South African wines are rated top of the global connoisseur’s list and have been for very many years. For most South African wine consumers, the marvel of having so many award-winning vineyards on our doorstep is often taken for granted, as are the underlying facts of them being located in a very unique biosphere, giving our wines their special ripe qualities. The Cape Floral Region, where most of the vineyards are located, is on of the richest floral biodiversity hot spots on the planet, while also being one of the smallest.
Wine exports are growing on an annual basis and it is estimated that South African export volumes will reach 300-million litres in 2009, up from 270-million litres in 2006. This increase in volumes will be the result of vineyard expansion, impacting on the Floral Region’s biodiversity. However, the Biodiversity and Wine Initiative (BWI), established in 2004, focuses on biodiversity conservation in the region. The BWI is the result of wine producers and the conservation industry pro-actively collaborating to ensure sustainable practices and conservation of the rich floral biodiversity in the region.
I had the privilege of visiting some of our wineries in the fairest Stellenbosch earlier this week. Taking into consideration that, on average, approximately 50% of locally produced wines is exported, many producers are aware of international market pressures related to product carbon trails and organic farming practice status (although there are still a number of definitions for what exactly this means and I have my own doubts). However, besides the commercial market incentive of “going green”, producers are actively driving sustainability practices and developments in the local communities.
One example is the Spier Wine Estate. Here owners and employees alike are highly aware of environmental and sustainability issues and driven to improve current business processes, increasing awareness and entrenching sustainable practices into every part of their business. These initiatives have often resulted in commercial benefits, among them spin-offs of a number of small businesses, generating additional value for the group.

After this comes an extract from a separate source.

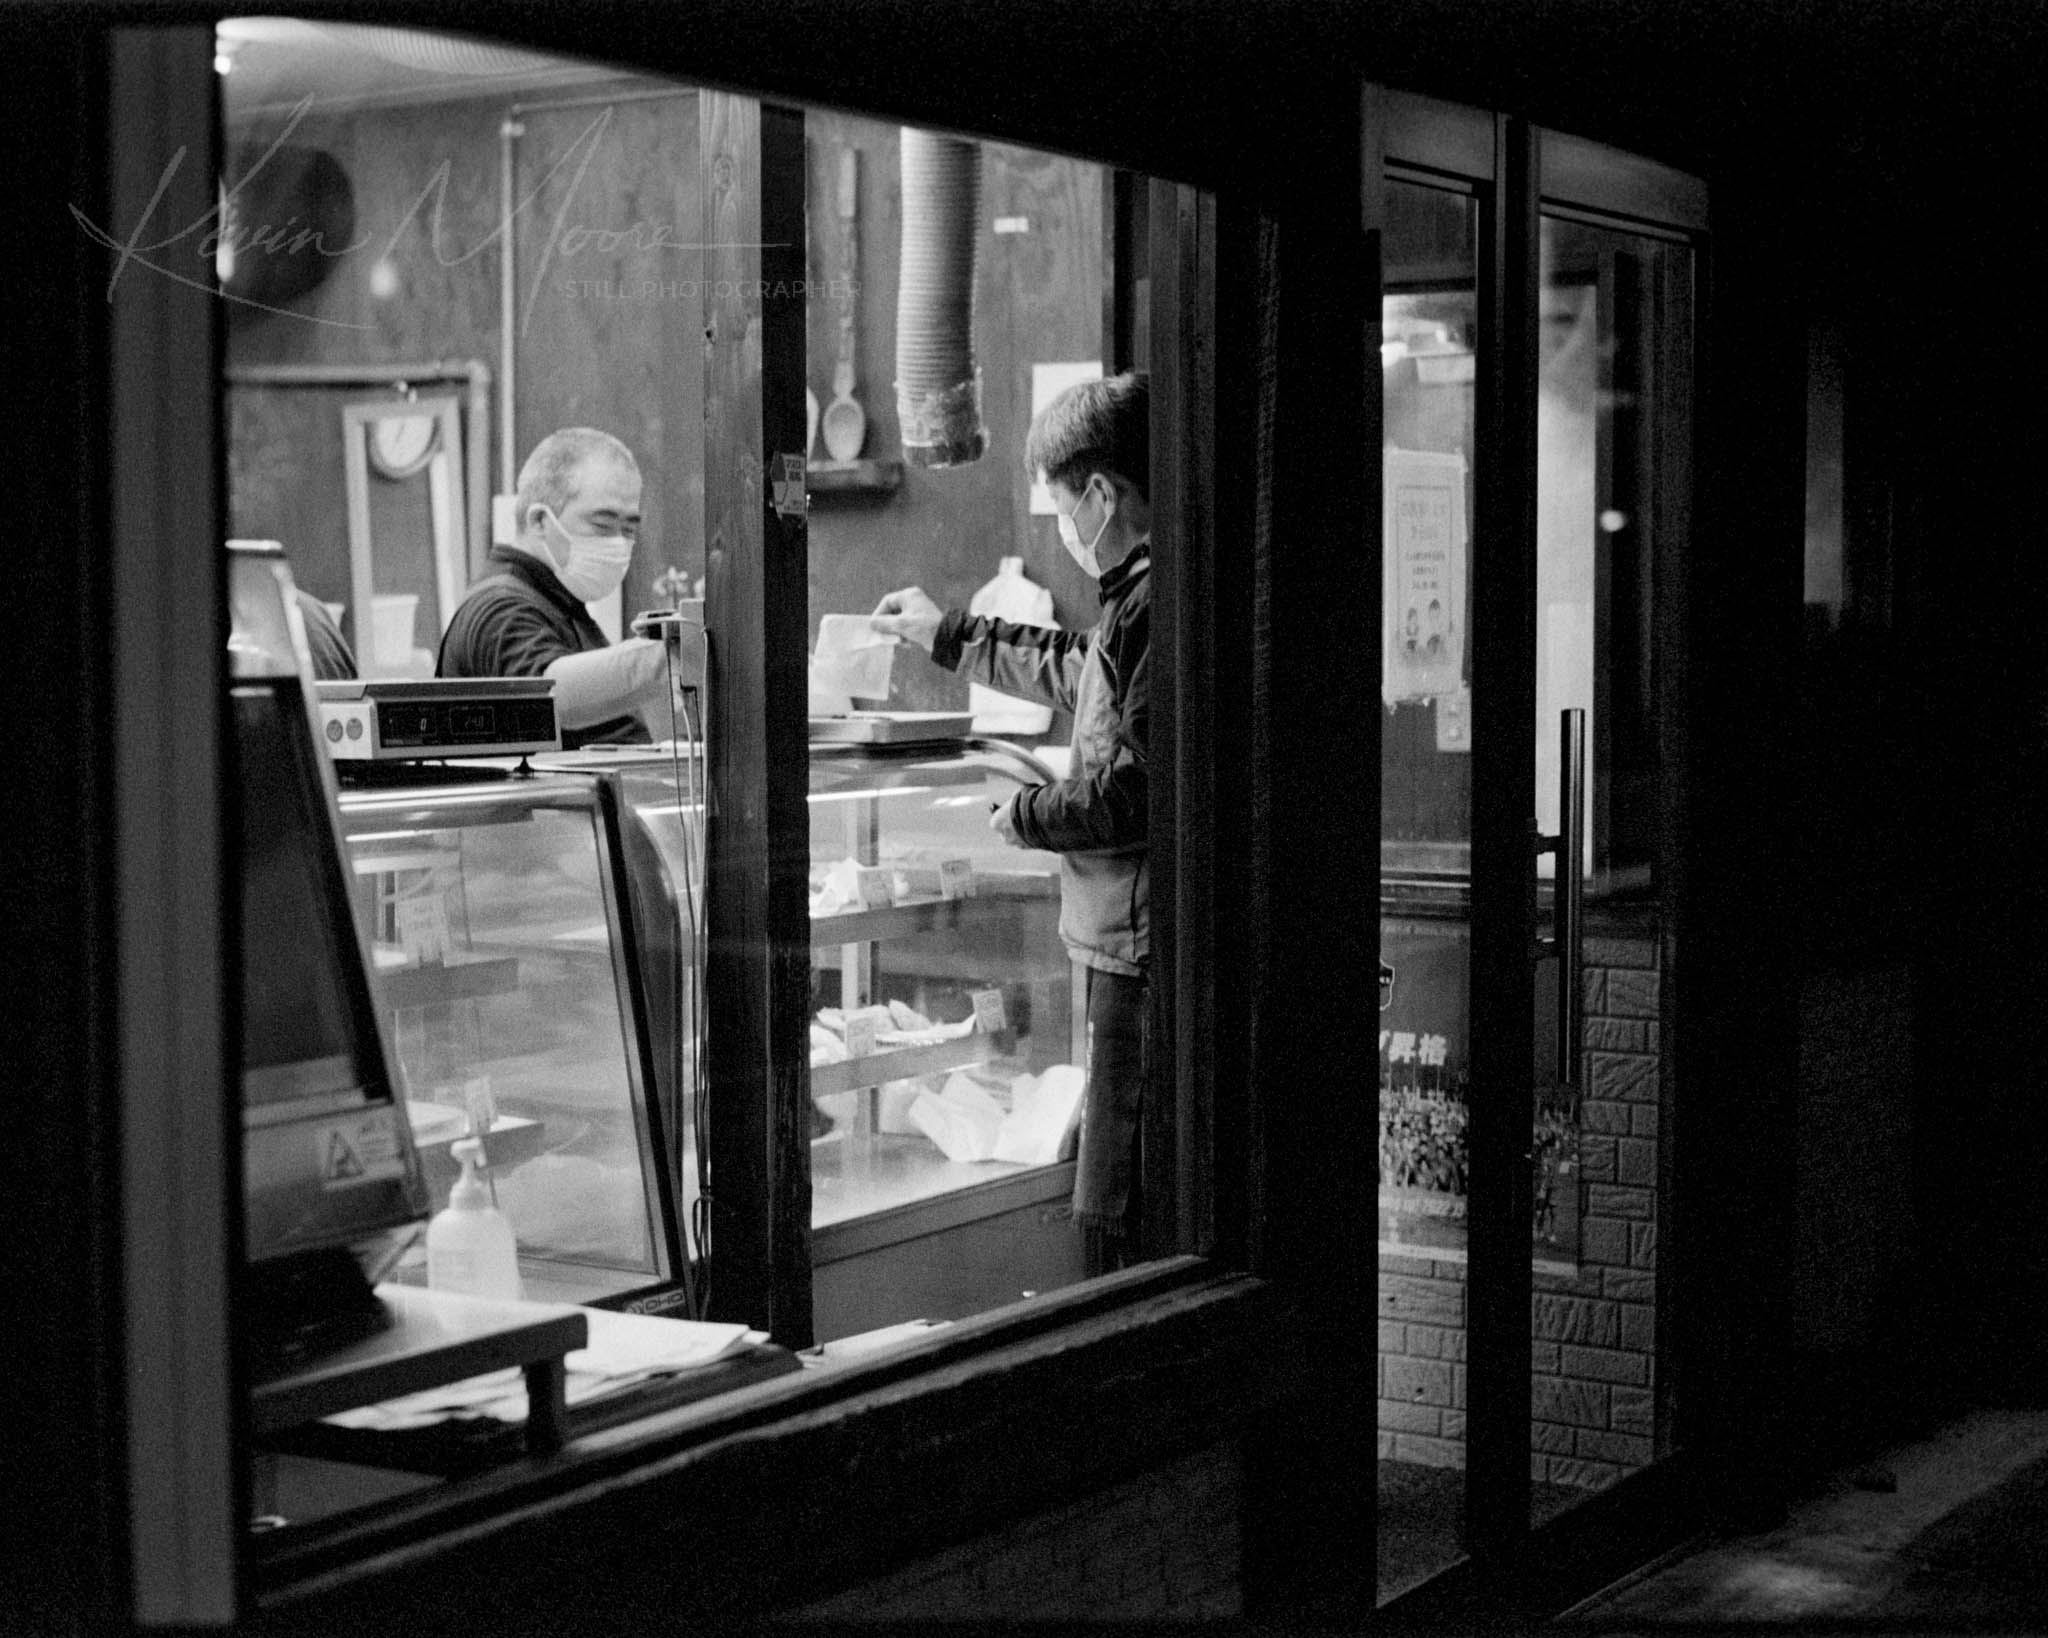 Black-and-white image of a timeless, friendly exchange in a local nighttime shop.

In the past six years, Spier has turned its business inside-out by implementing sustainable practices. It has started a natural brickmaking operation on the estate and will be using these bricks to develop a socially integrated eco-village, while running an architectural design competition to plan the self-sustaining village.
Other initiatives include biodiesel production for use on the estate, developing a waste-treatment process called Biolytix and starting a vermiculture operation (worms and byproducts), which in turn may produce material as fertiliser for agricultural practices on the estate.
Additionally, Spier is also experimenting with biodynamics, which centres on principles of organic farming and planetary alignment. This may sound esoteric to some, but in fact is a very ancient method that dictates when certain activities should occur during the crop cycle, such as planting, fertilising and harvesting. Only natural herbal extracts are used as fertilisers and pesticides and these herbs will also be grown on the estate.
Ideas among wine farmers in the region on how to improve their ecological impacts and minimise their carbon footprints abound; they are, after all, attuned to the earth and reliant on it and climate for their daily existence. There is, however, more potential to improve continuously, through considering initiatives like bulk exports, which will reduce transport and packaging cost while reducing related greenhouse-gas emissions. However, impacts on brand value may not support this strategy.
The wine industry is perhaps ahead of the curve in South Africa and may well be showing the way for other agricultural sectors. Consumer support is required in order to snowball these activities and escalate sustainability stewardship among producers. We may question the true motives of these initiatives: Are they the result of true and honest conviction and commitment to sustainability, is it a marketing motive or are these farmers and wine makers the pioneers who will change the face of agricultural practices in our country in order to ensure sustainability of their own business into the future?
I don’t think we should concern ourselves with conspiracy theories on what the real reasons are. The results are reward enough and should make us all proud when we clink our glasses again in a salute.